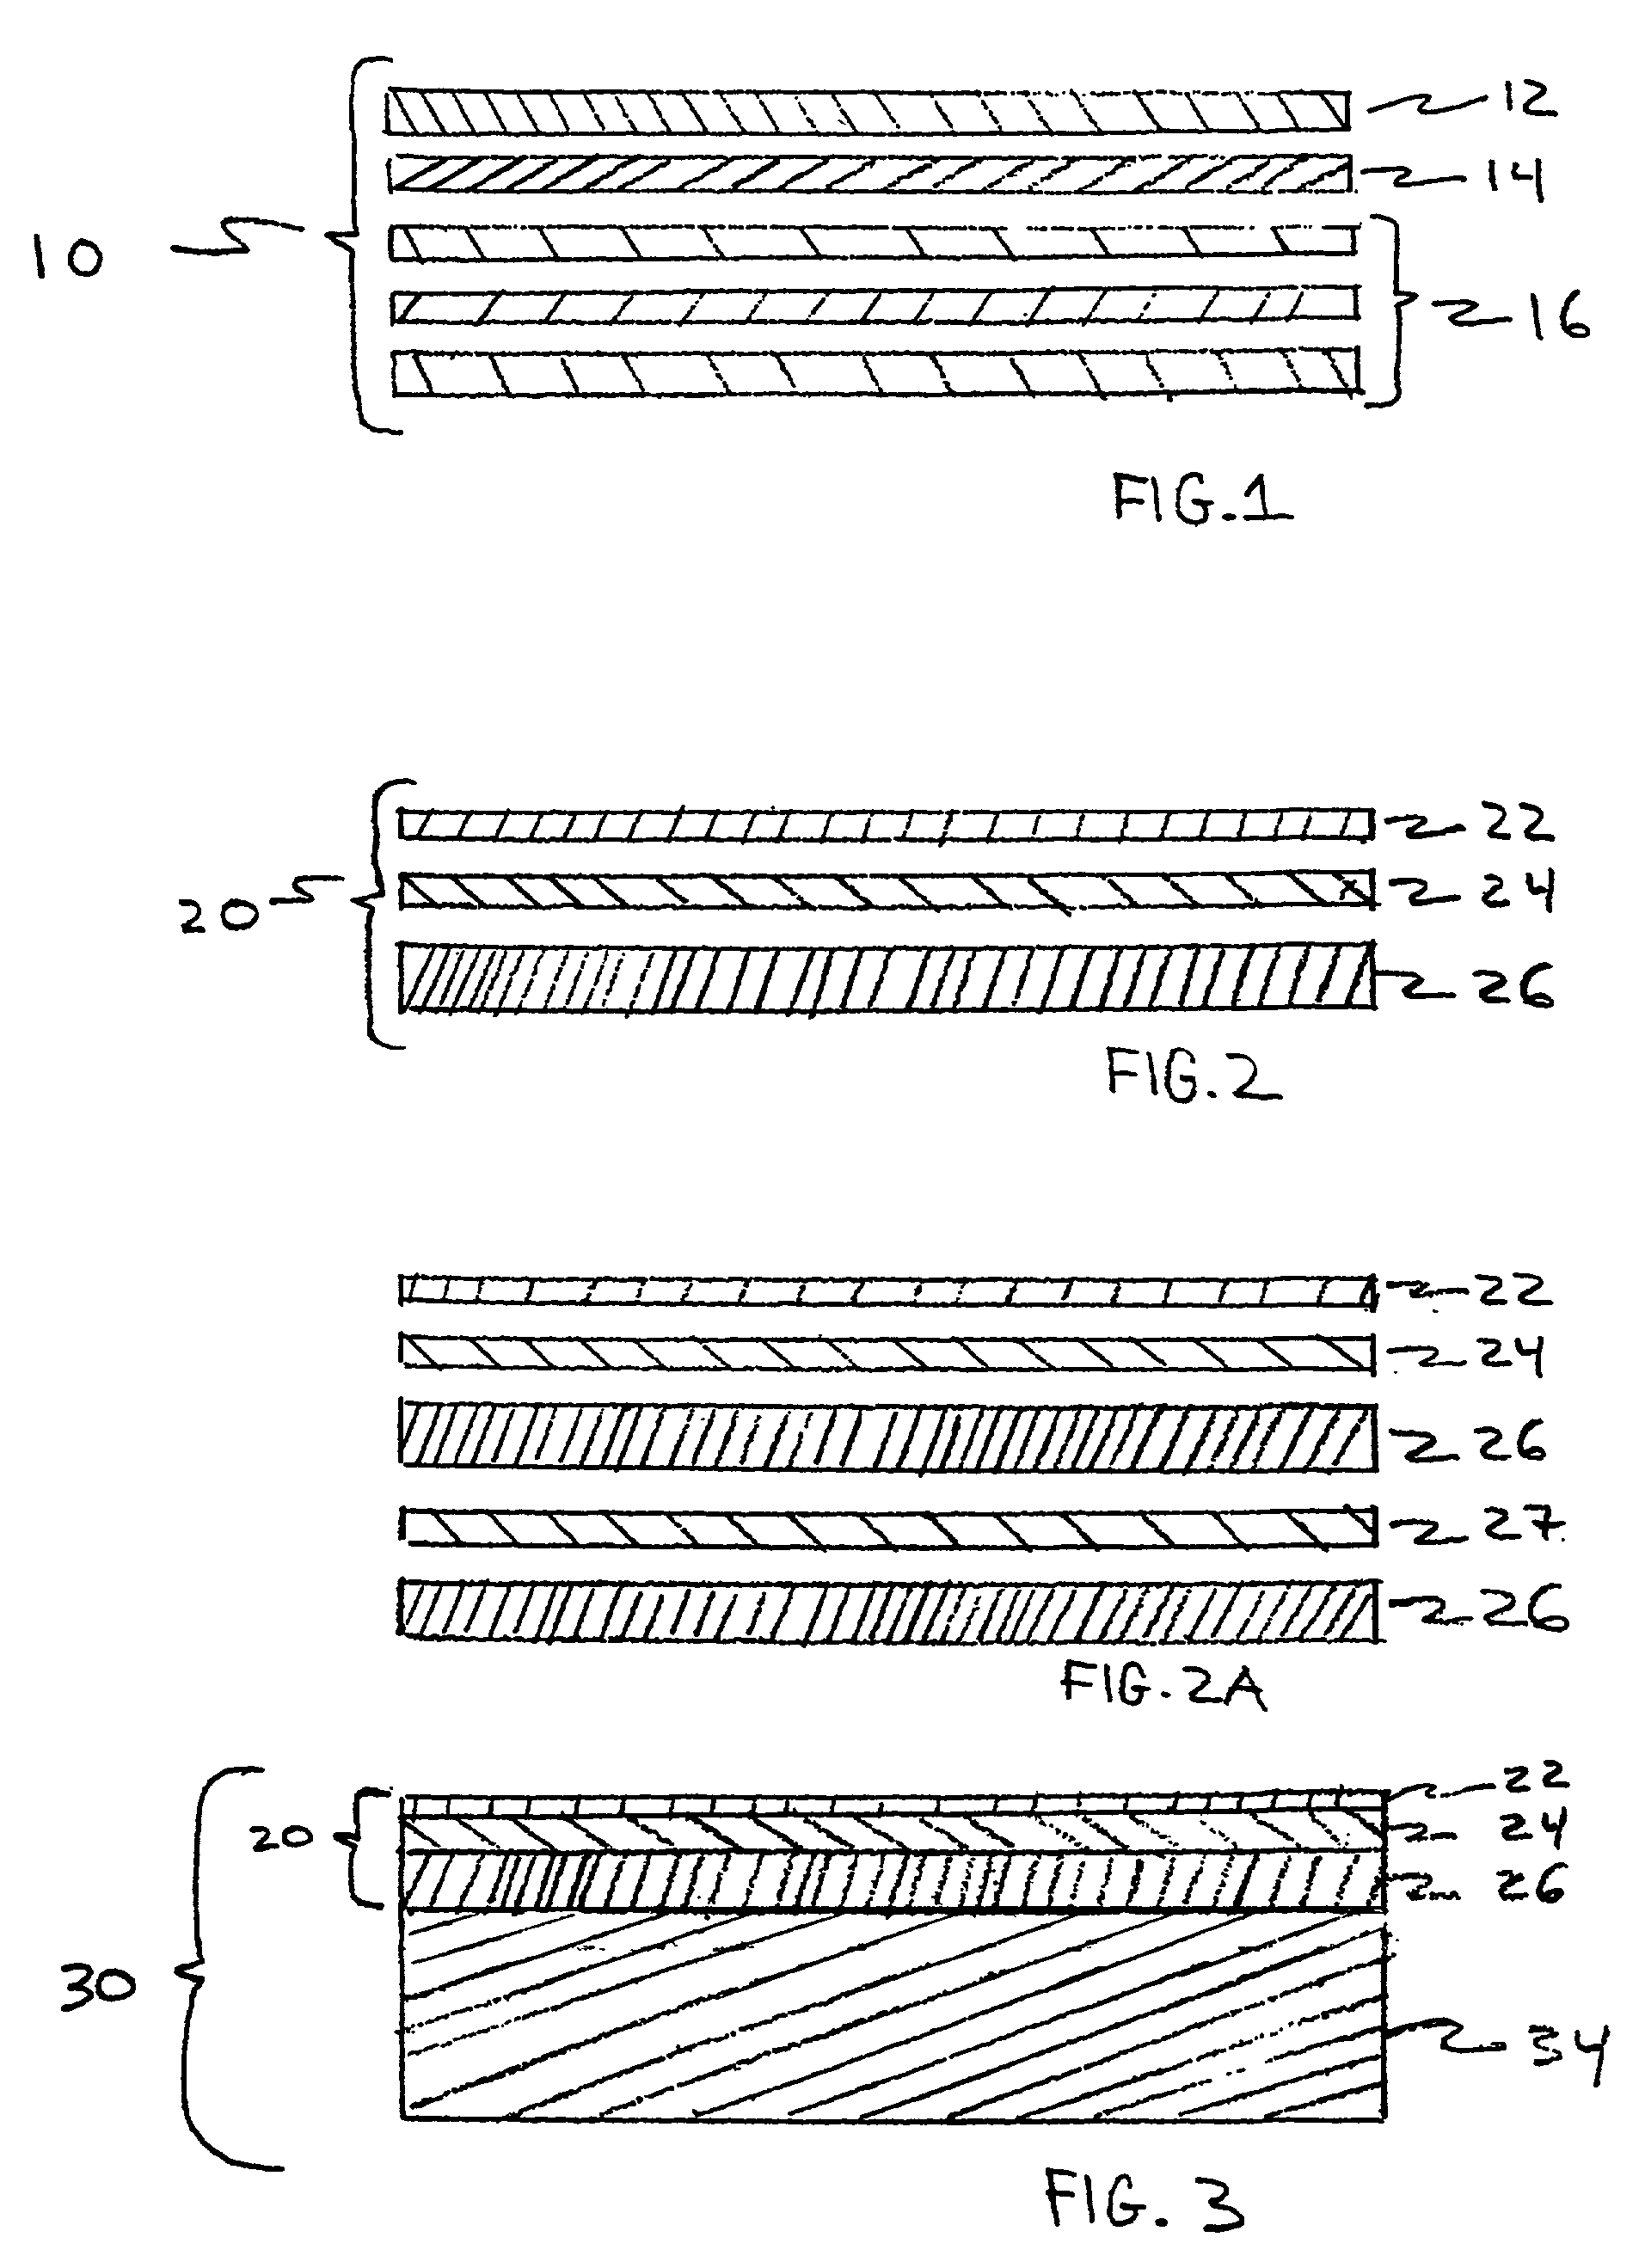 Decorative laminate assembly and method of producing same
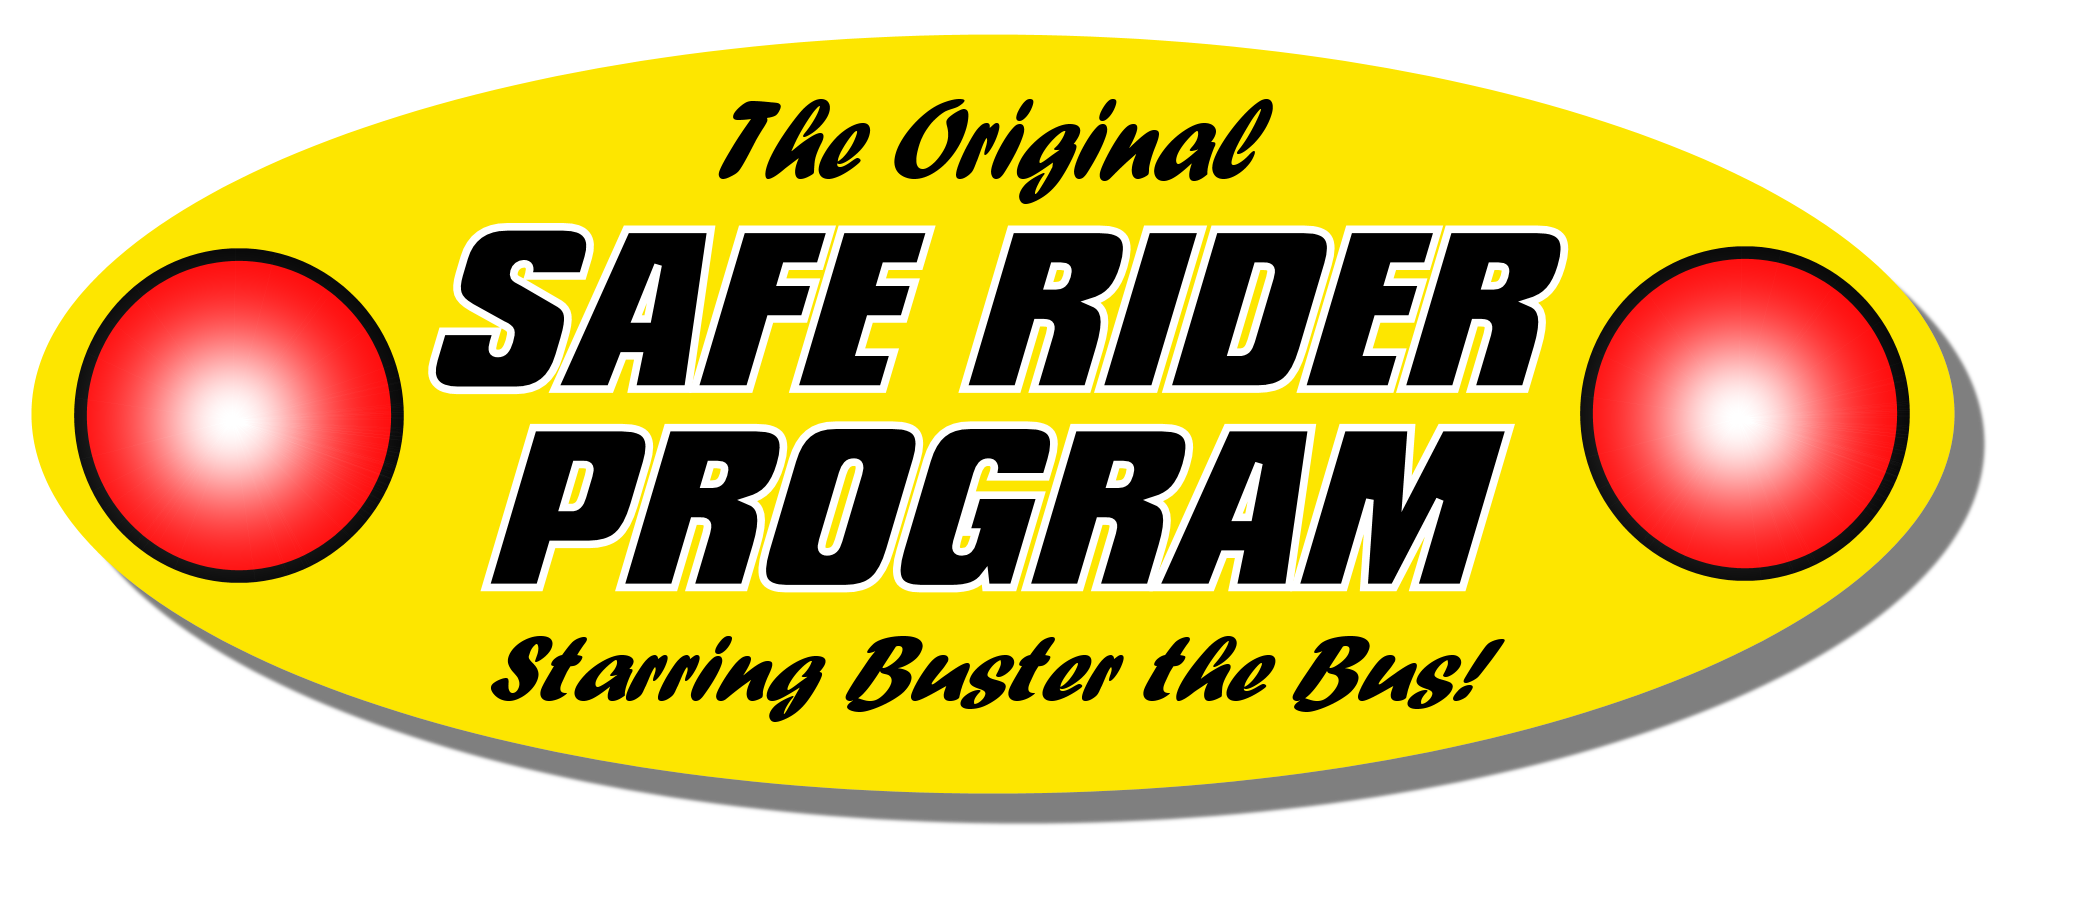 The Safe Rider Program Starring Buster the Bus
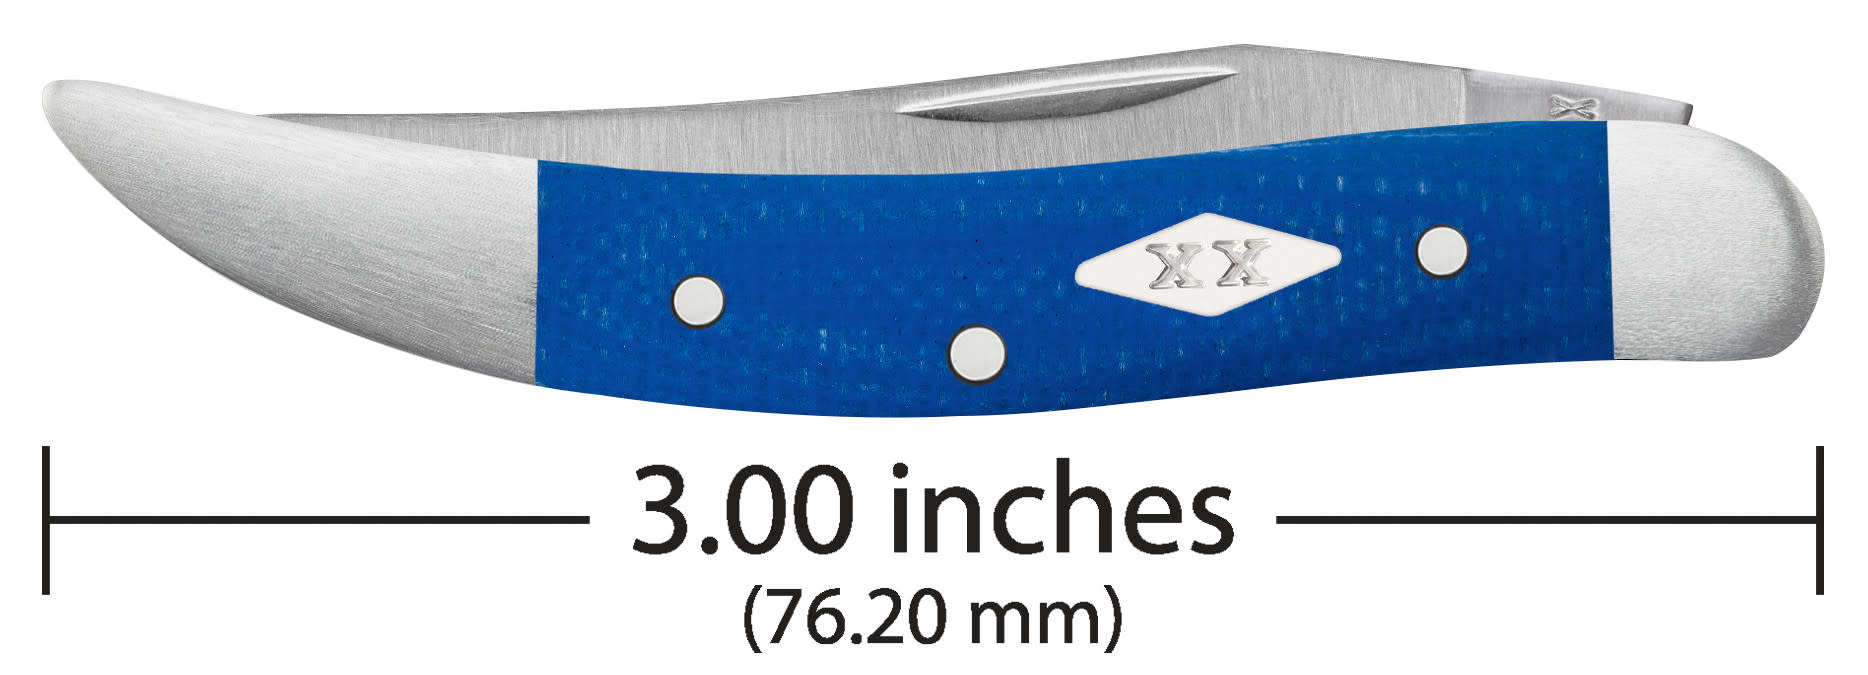 Smooth Blue G-10  Small Texas Toothpick  Knife Dimensions

What is required ▸
Without changing a word, transcribe all of the data and omit its images.

Result of the exercise ▸
 Decorative laminate assembly and method of producing same
 The Safe Rider Program Starring Buster the Bus
 Smooth Blue G-10  Small Texas Toothpick  Knife Dimensions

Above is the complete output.